• DATA EXTRACTS:
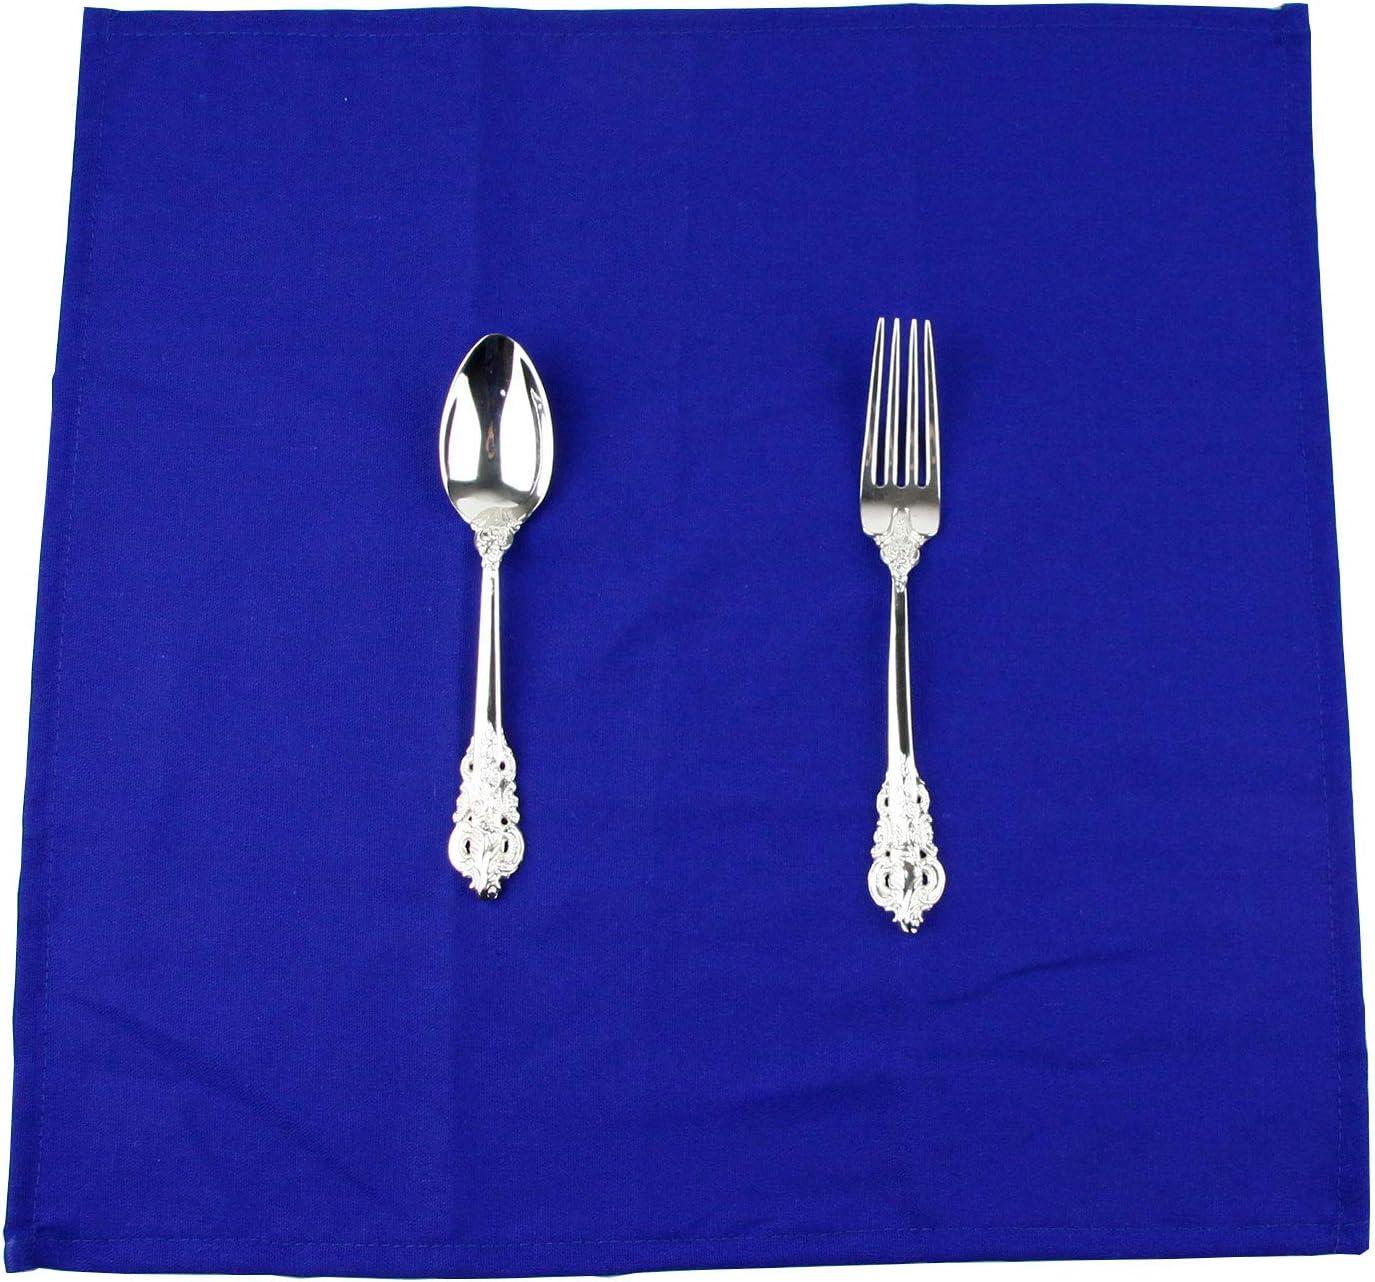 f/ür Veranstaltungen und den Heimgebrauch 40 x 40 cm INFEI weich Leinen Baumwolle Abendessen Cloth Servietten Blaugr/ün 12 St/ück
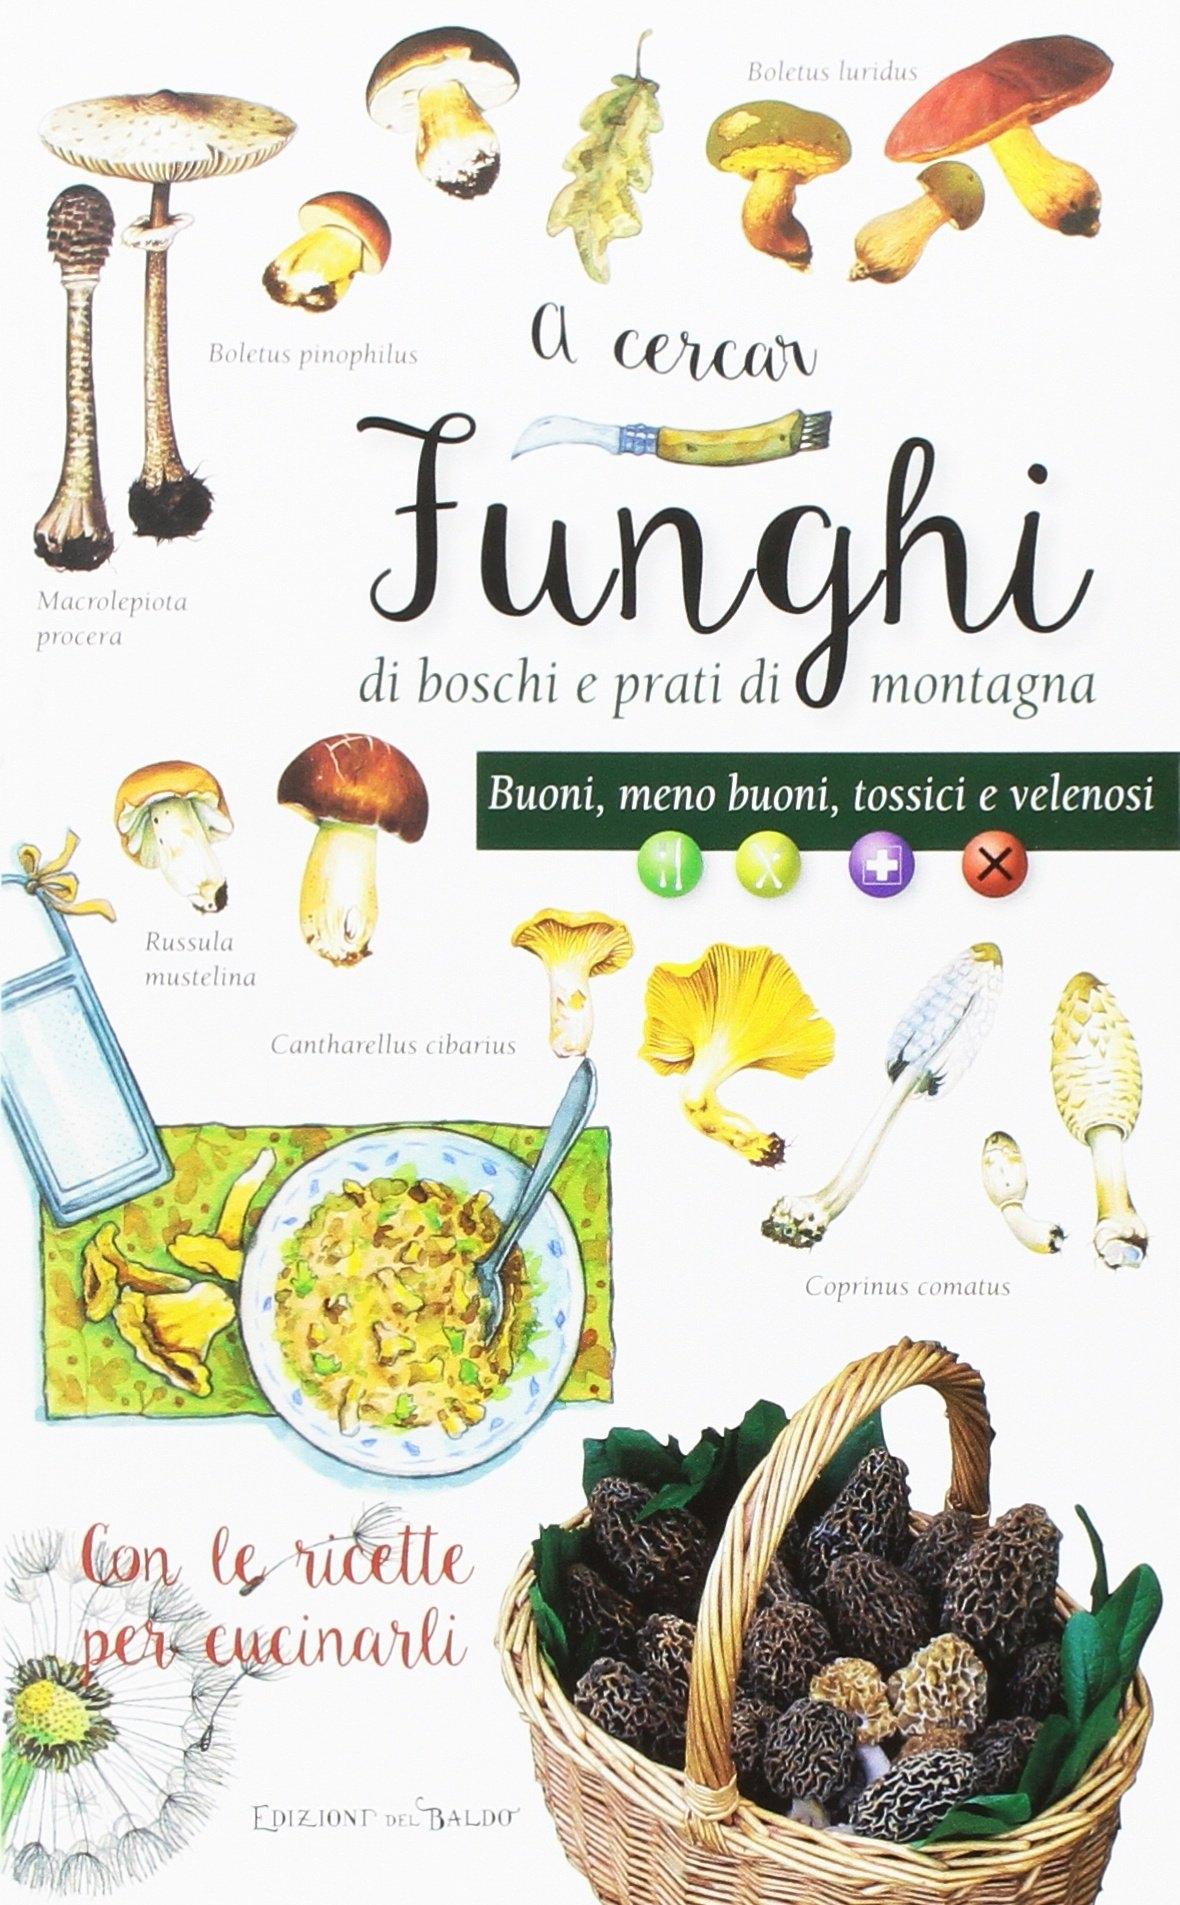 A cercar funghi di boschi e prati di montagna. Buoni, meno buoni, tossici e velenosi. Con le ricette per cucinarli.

* * *

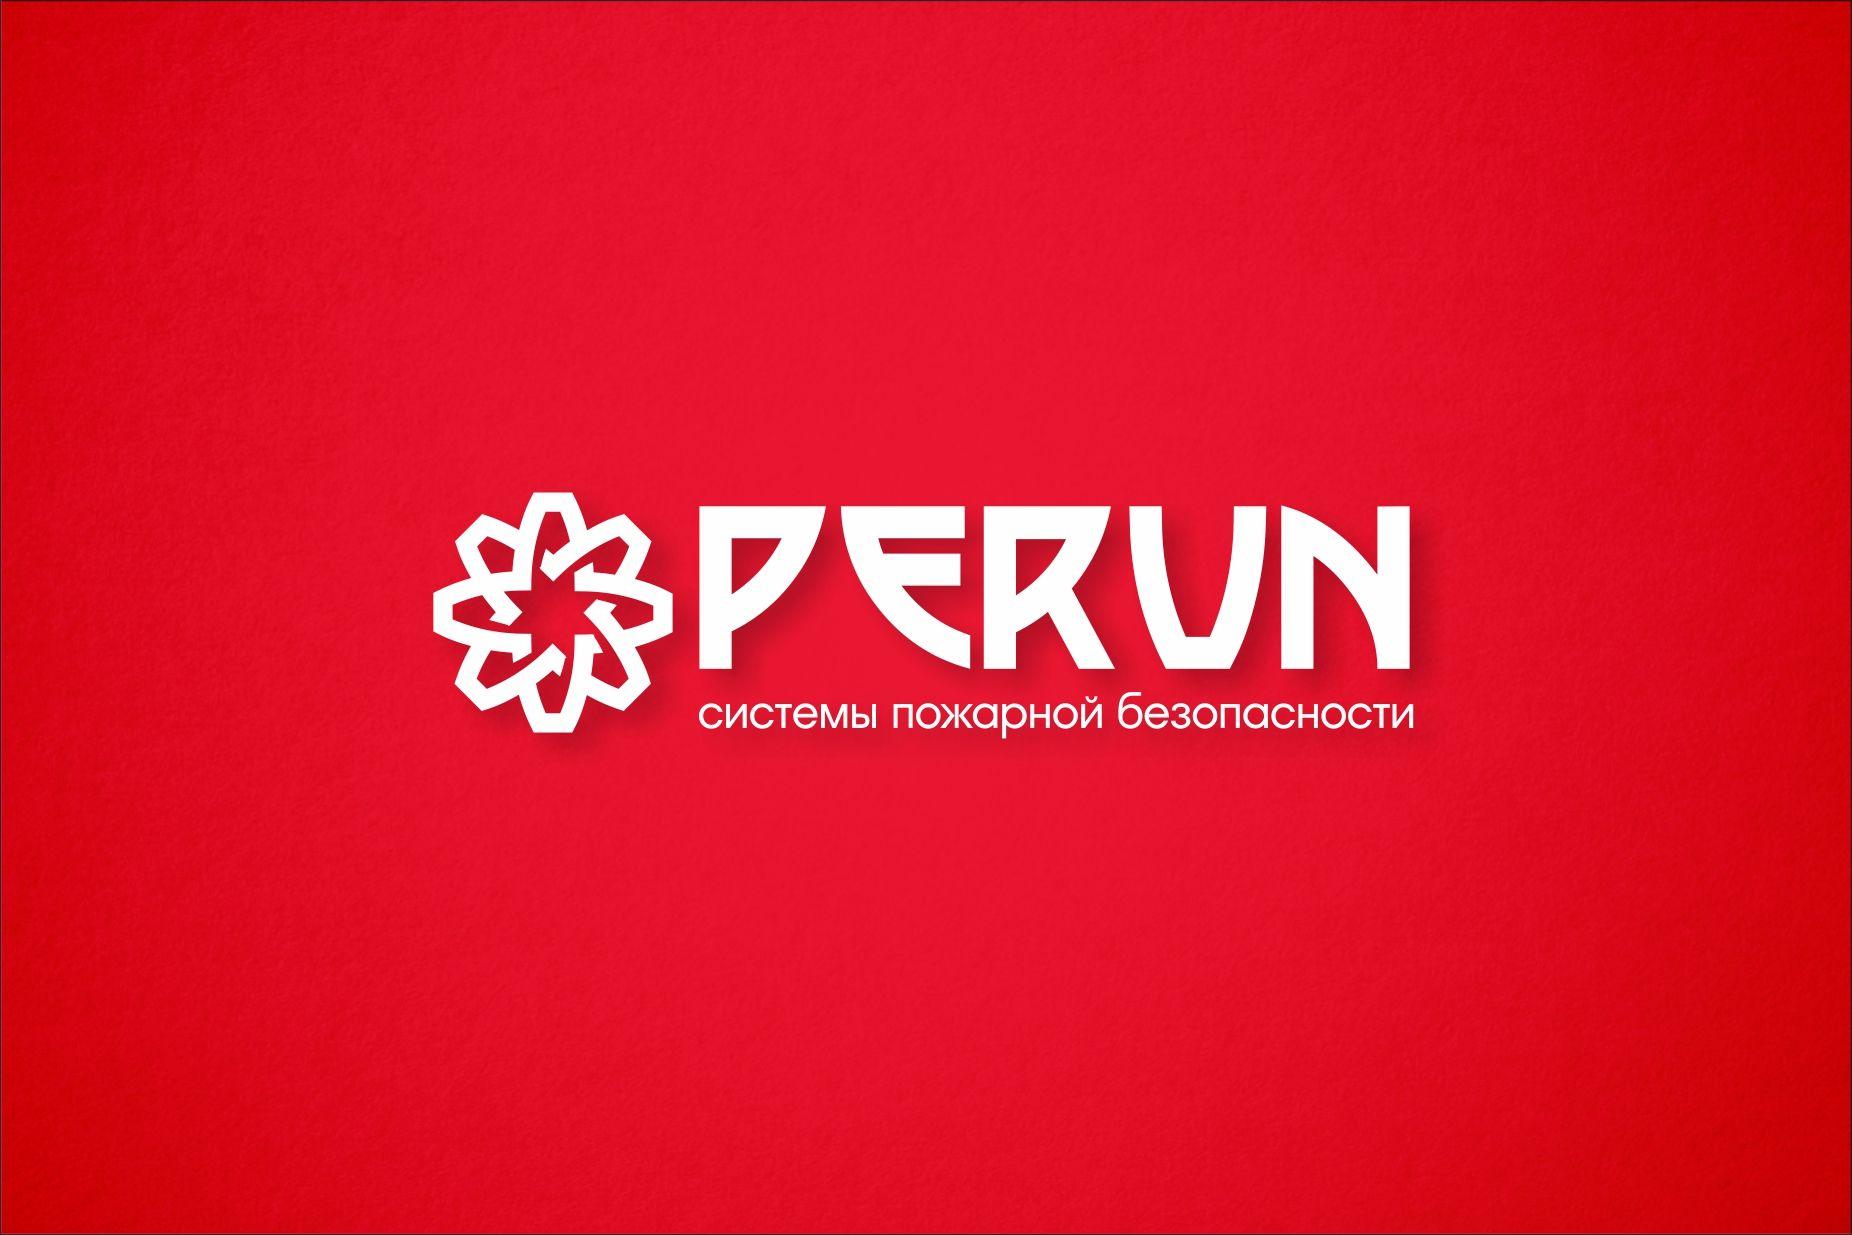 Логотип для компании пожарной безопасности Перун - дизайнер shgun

--

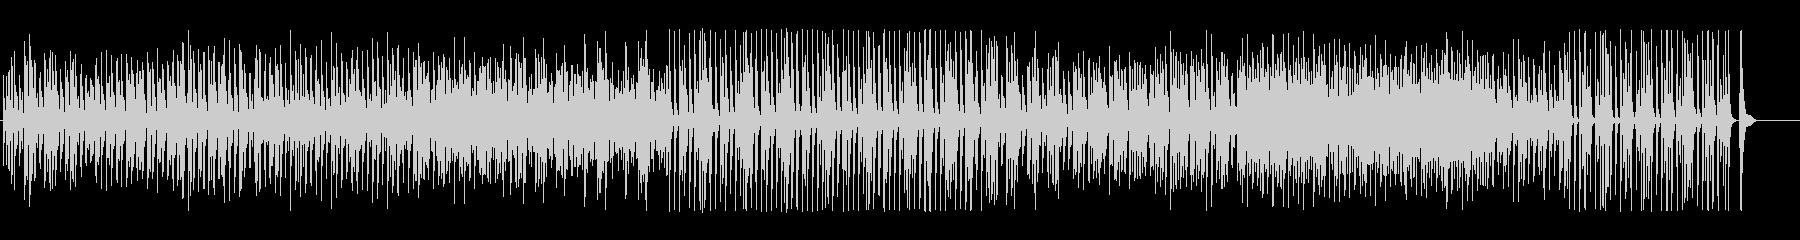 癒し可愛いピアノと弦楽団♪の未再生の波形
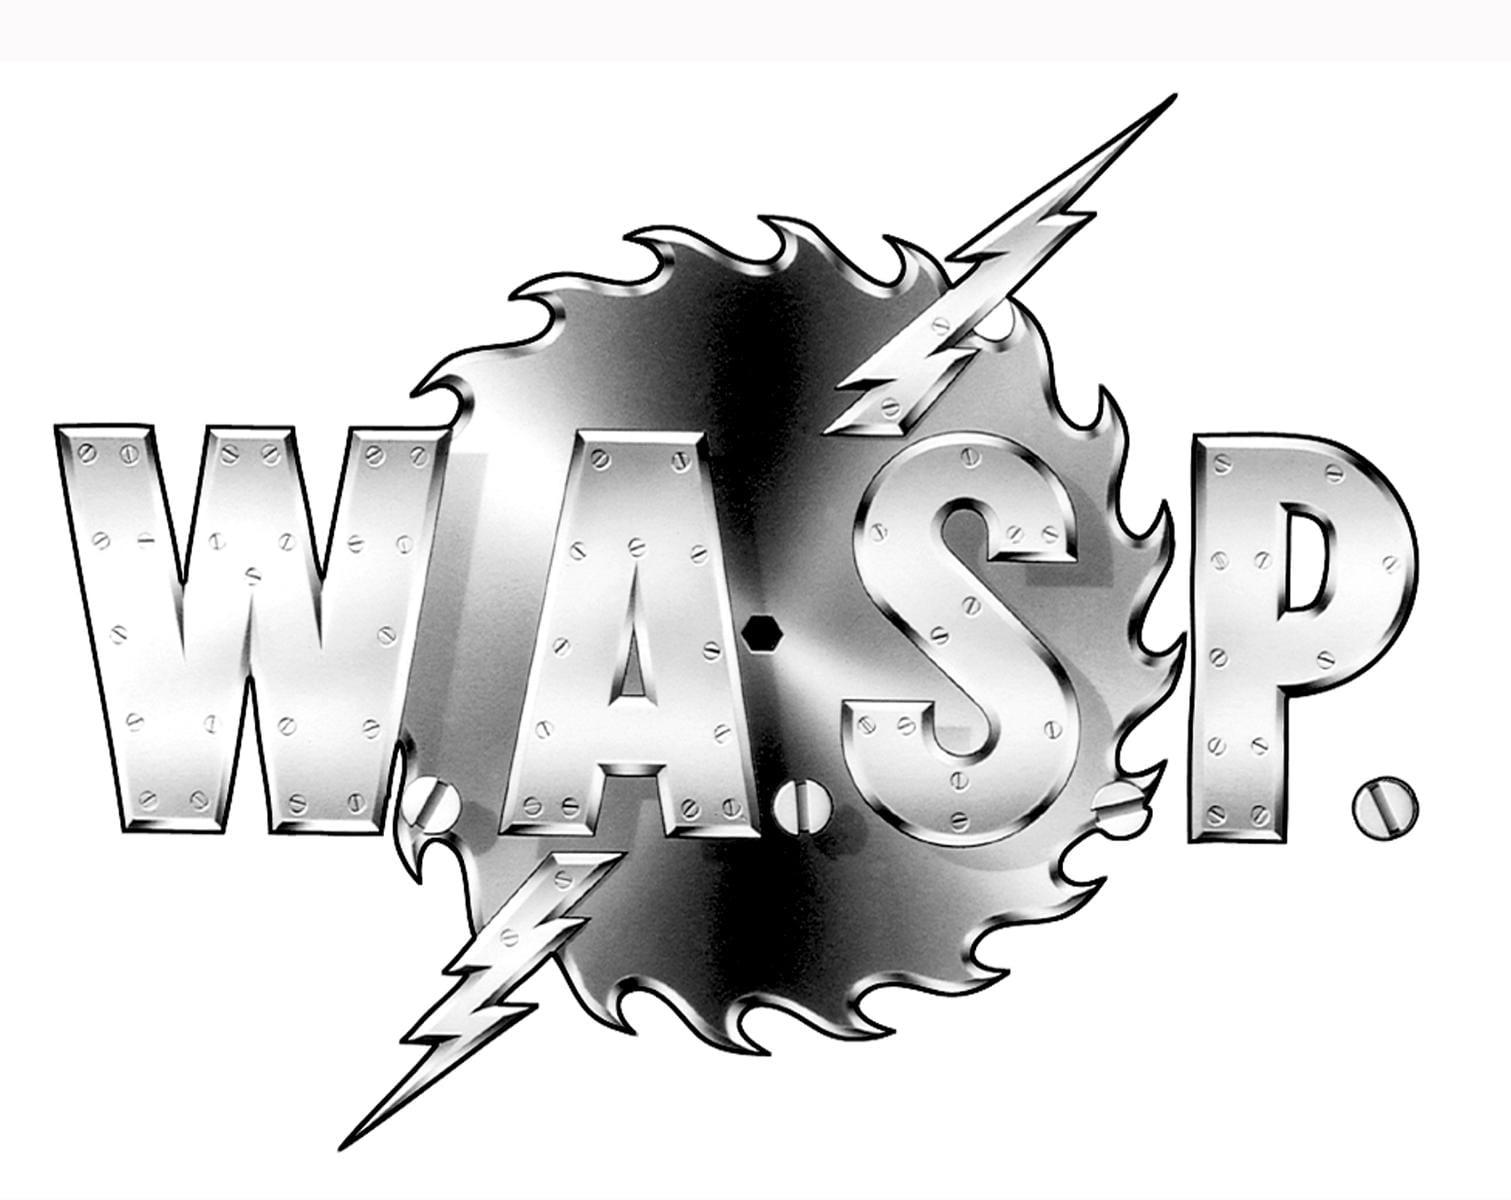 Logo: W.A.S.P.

• ACTIVITY: From the material above, reproduce only what runs from the line holding "f/ür Veranstaltungen und" down to the line holding "A cercar funghi", both included, pictures excluded.

• COMPLETED EXERCISE:
 f/ür Veranstaltungen und den Heimgebrauch 40 x 40 cm INFEI weich Leinen Baumwolle Abendessen Cloth Servietten Blaugr/ün 12 St/ück
 A cercar funghi di boschi e prati di montagna. Buoni, meno buoni, tossici e velenosi. Con le ricette per cucinarli.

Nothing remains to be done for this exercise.